The database structure has an enormous impact on the application.If you have ever tried to change the database structure for an existing application, you will have found out that this can mean updating lots of application code. Why is this? Because much of the code in the application depends on the database structure.

This strong dependency has one very important effect: Changing the database structure becomes difficult: It cascades into lots of application changes, which means lots of testing, time and expense.

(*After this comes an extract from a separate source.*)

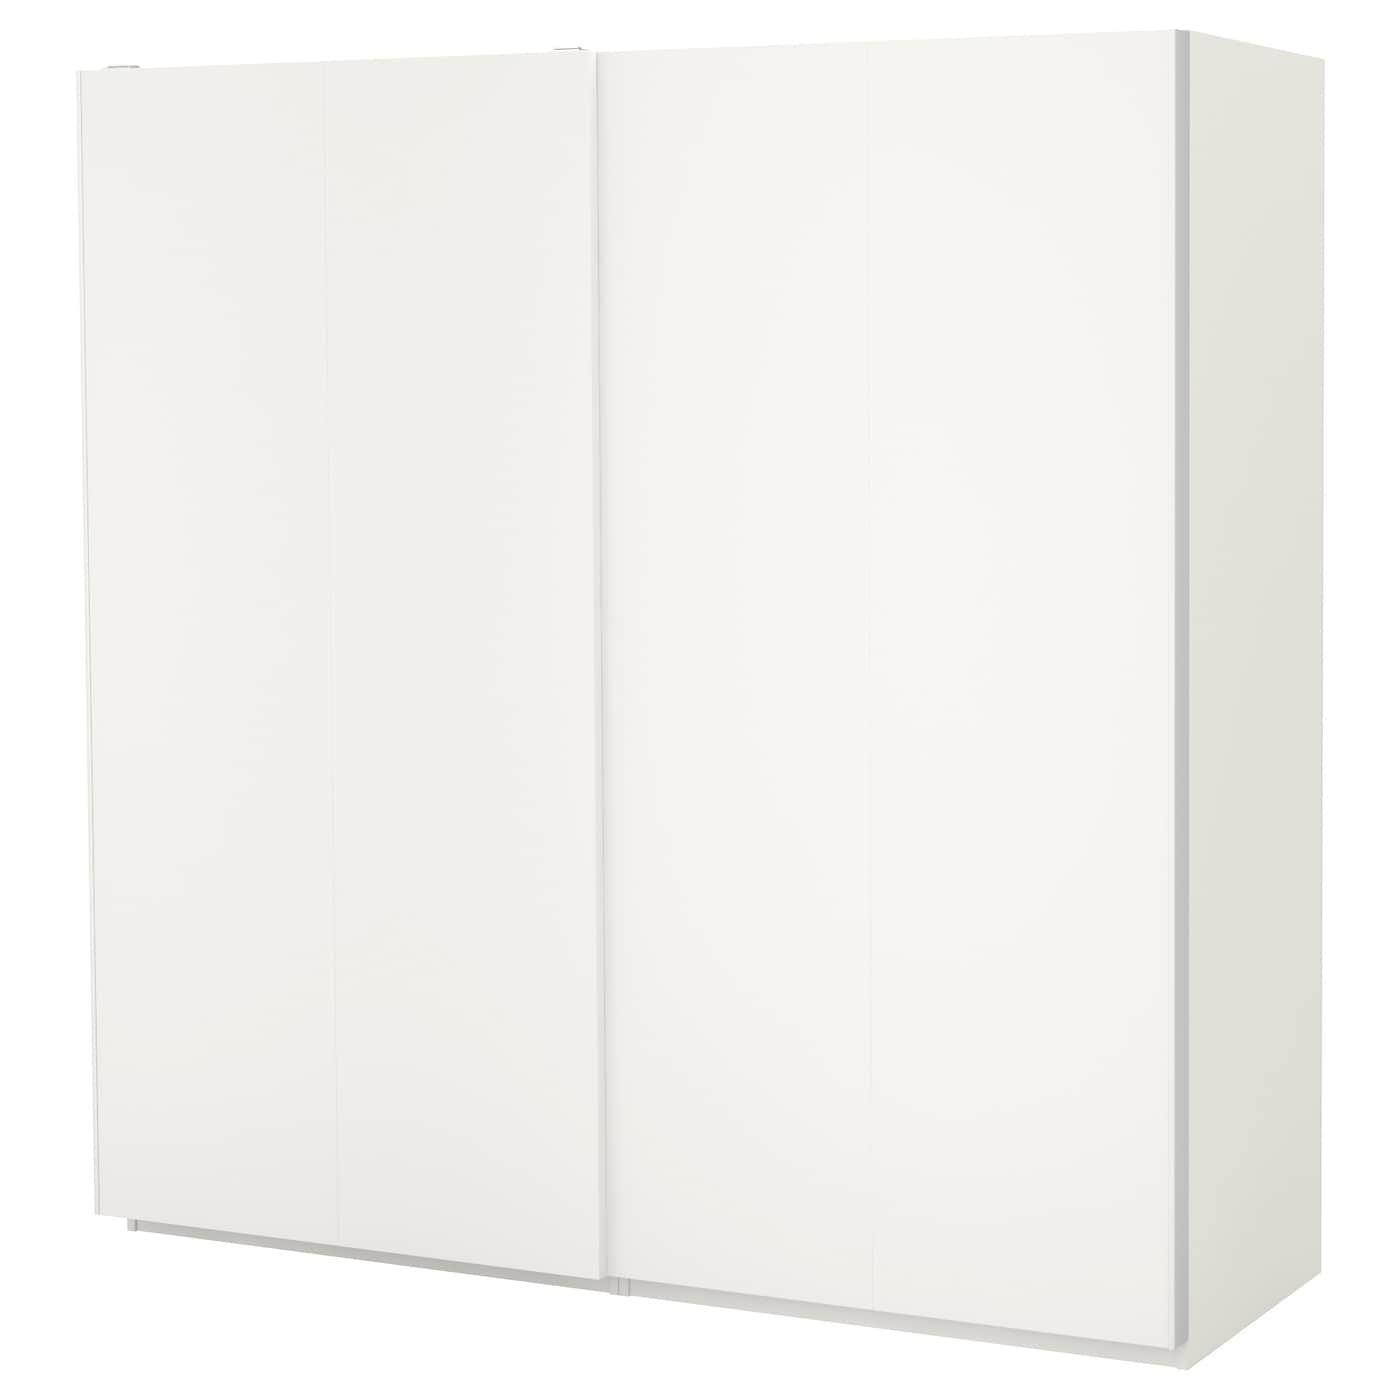 PAX Wardrobe white, Hasvik white 78 3/4x26x79 1/4

Typical errors at the database structure are:

  • Trying to minimize the number of tables: This does not reduce complexity. Instead, it increases complexity, since the purpose of each table becomes much more confused. Normalize your data, and you will end up with well-defined tables.
  • Making columns nullable: The default for many tools are to make columns nullable, unless specified otherwise which encourages nullable columns.Many applications deal badly with NULL values.
  • Using phantom values to represent "unknown": E.g. using -1 in a numeric column to indicate that the value is not known. Sooner or later, -1 will be a valid value. Just use NULL instead.
  • Choosing the wrong data type
  • Not implementing refential integrity

So: get your database structure right. This will save you a lot of testing, debugging, time and expense in the long run.

The Damn Documentation

This is almost too obvious, but nevertheless, it is a real problem. Nobody likes doing documentation.The lack of documentation will catch you out sooner or later - and always before you think.

I have actually seen places that do document things. And I have seen places that document their releases.

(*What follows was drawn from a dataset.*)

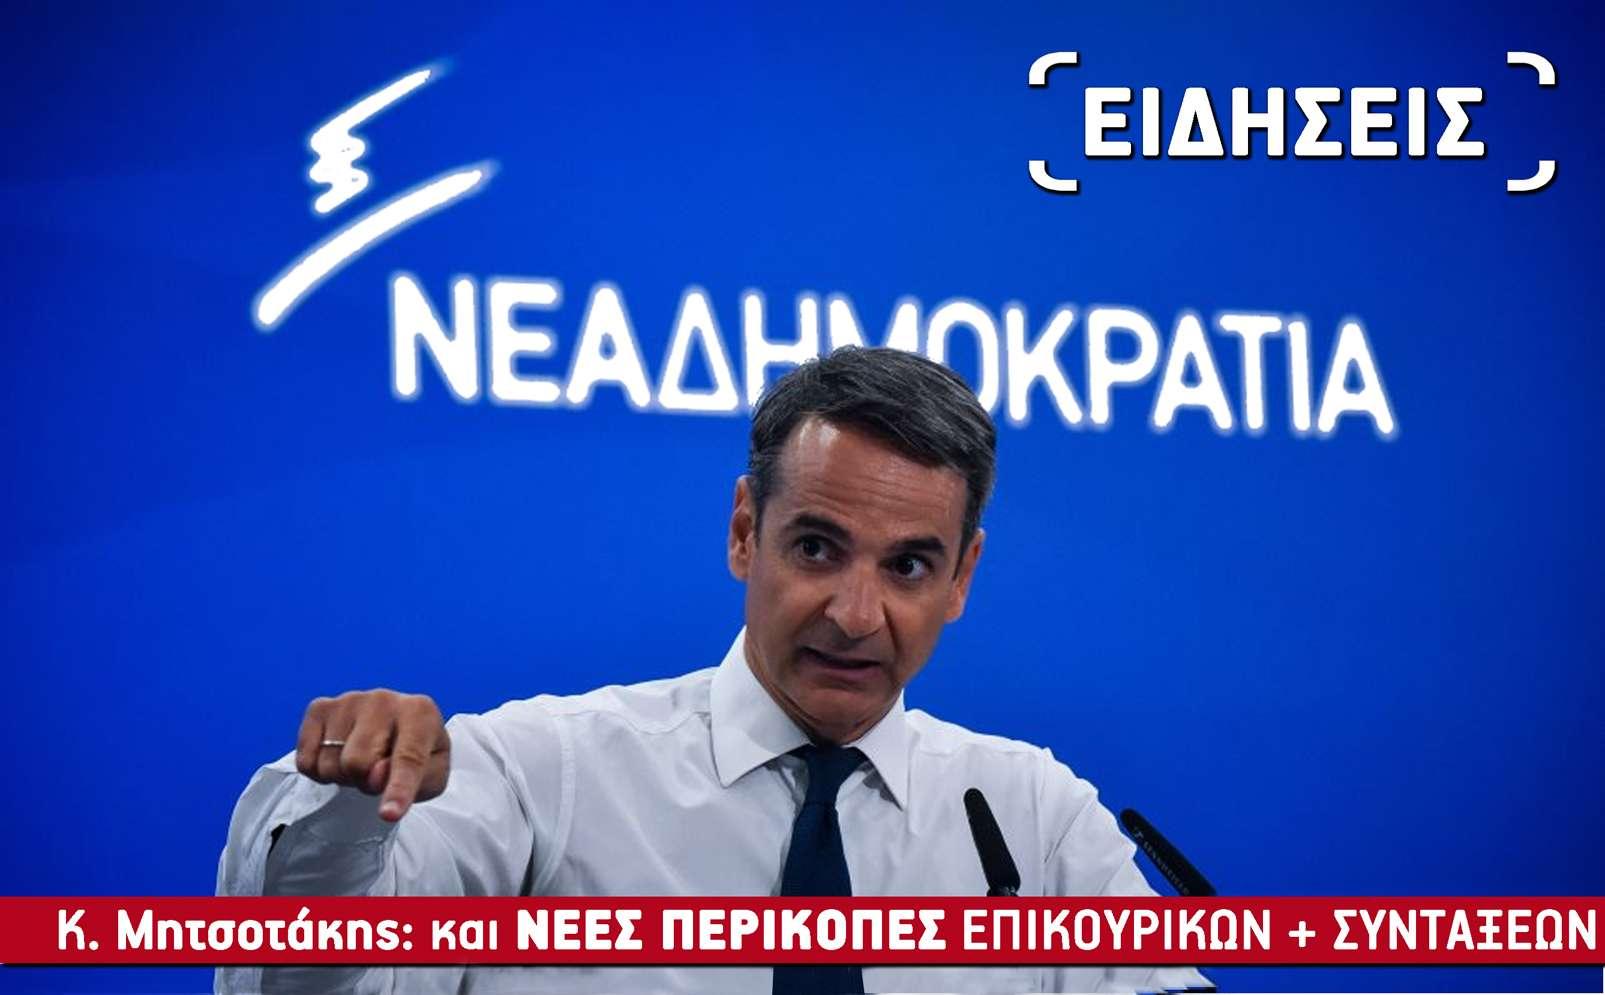 Μητροτάκης ΝΔ Νέο Ασφαλιστικό

The worst I've seen, was one site where only releases were documented. The system as a whole was never documented. The result: Any new starter had no chance of understanding the system - and any change was bound to break things because regression test was impossible. The slow decline of the system shouldn't really surprise anybody.

The Missing Unit Test

As any system grows in functionality, the size of the regression test grows too.So the development team can choose between 1 or more of

  1. Cutting down on the regression test 
  2. Spend more time testing
  3. Automate the tests
Guess what: most sites choose the first option. Nobody can afford option #2. Choosing option #3 requires a good manager with technical insight - a very rare thing.